▸ **TO DO**
All of the data below should come back exactly as written, minus its images.

▸ **INFORMATION SHOWN**
..............................

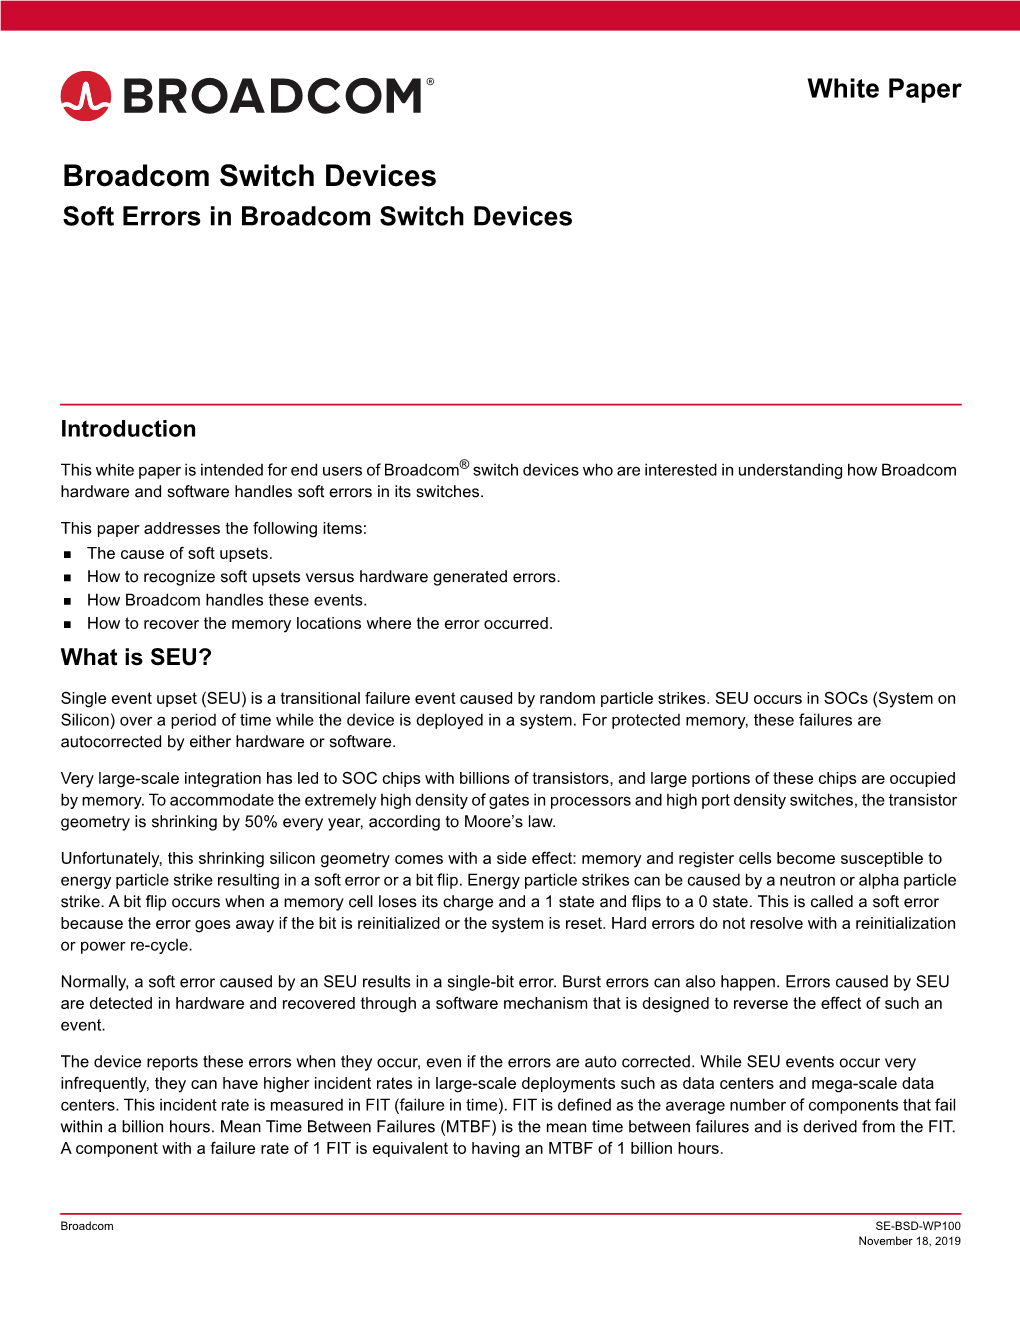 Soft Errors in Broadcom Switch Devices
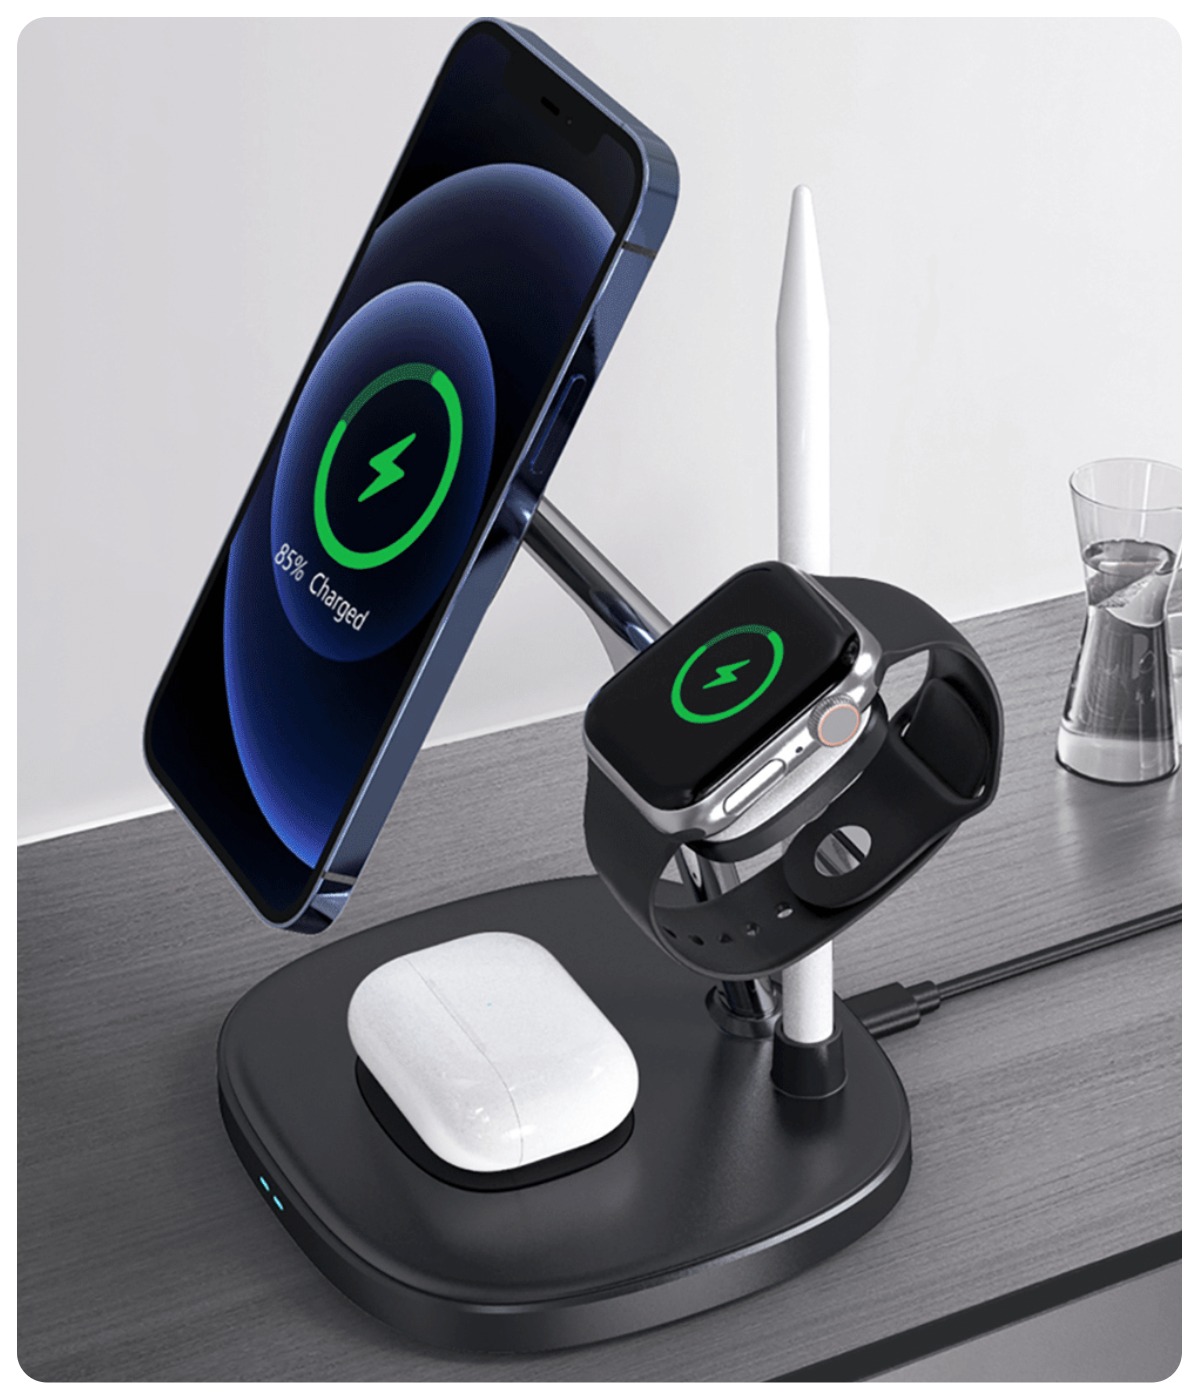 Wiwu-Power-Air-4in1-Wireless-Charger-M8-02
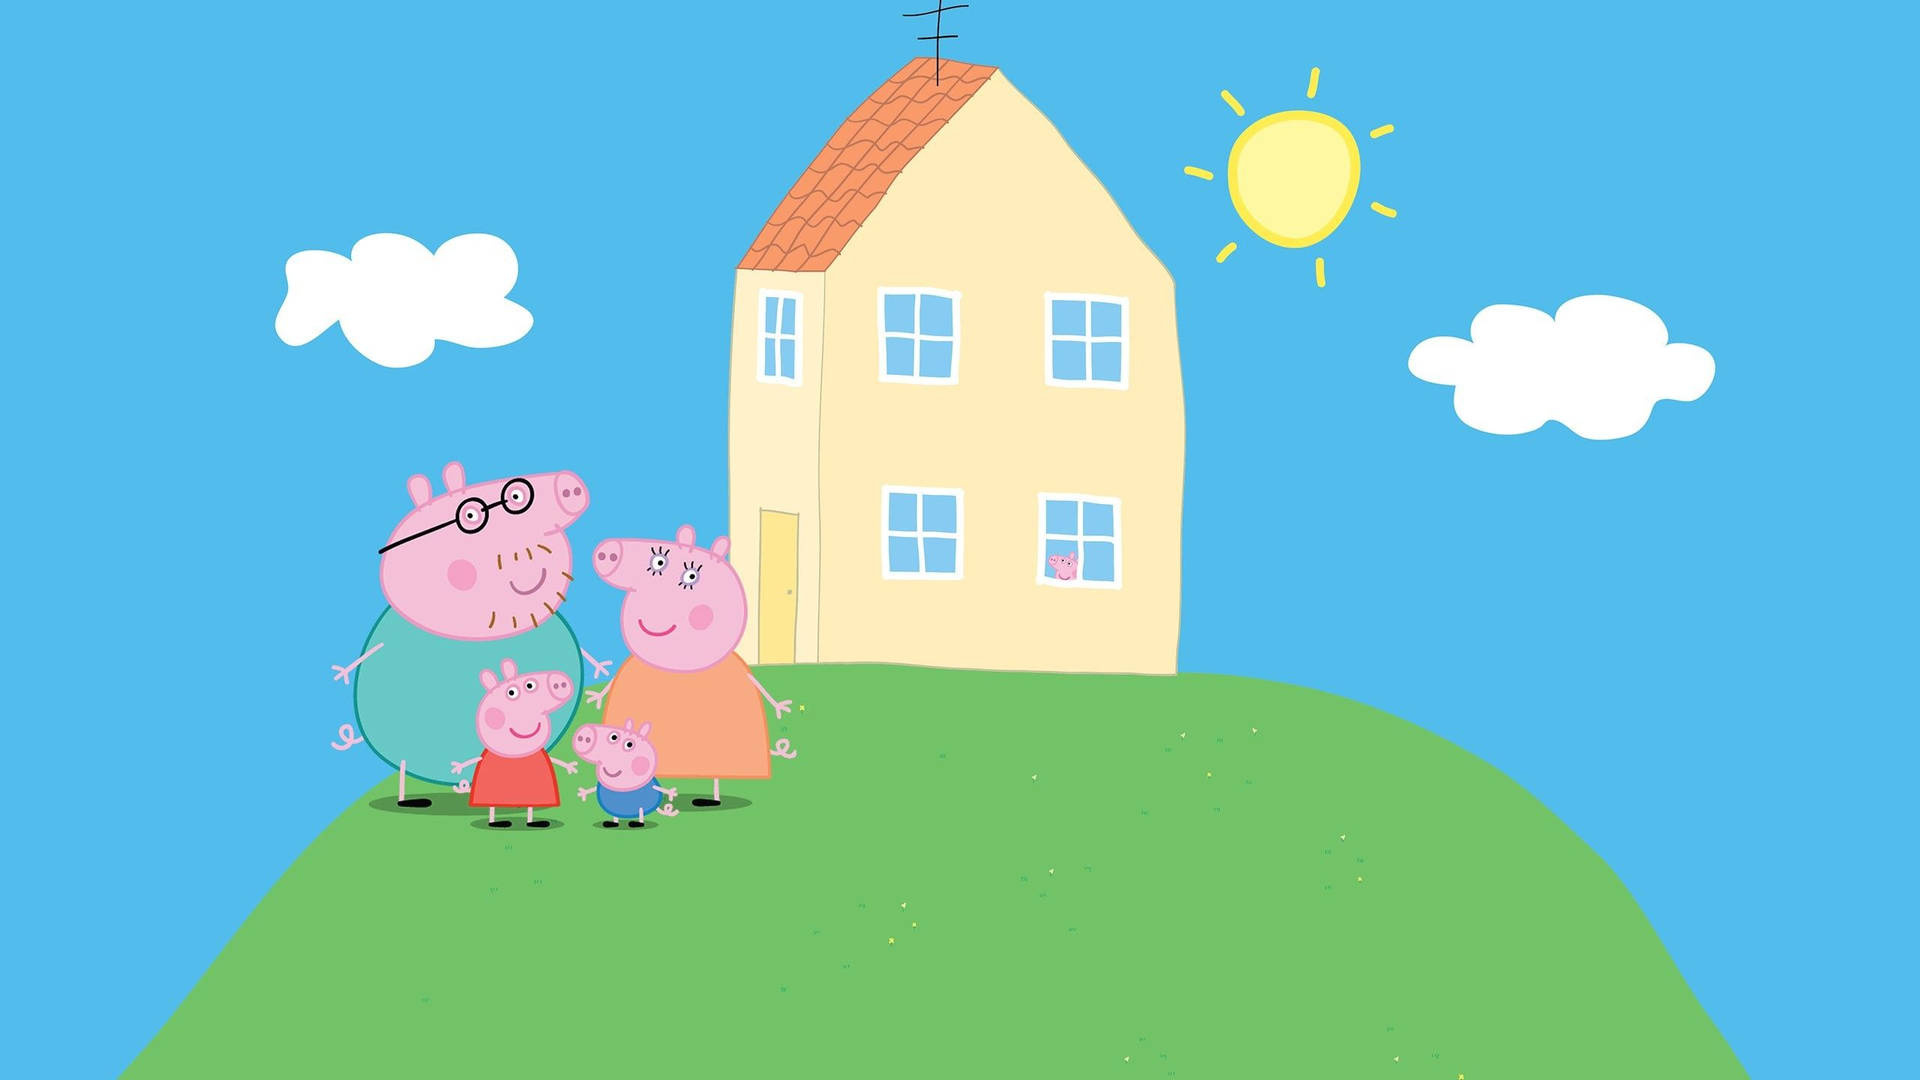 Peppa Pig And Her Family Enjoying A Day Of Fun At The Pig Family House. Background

..............................

▸ **EXERCISE OUTPUT**
 Soft Errors in Broadcom Switch Devices
 Wiwu-Power-Air-4in1-Wireless-Charger-M8-02
 Peppa Pig And Her Family Enjoying A Day Of Fun At The Pig Family House. Background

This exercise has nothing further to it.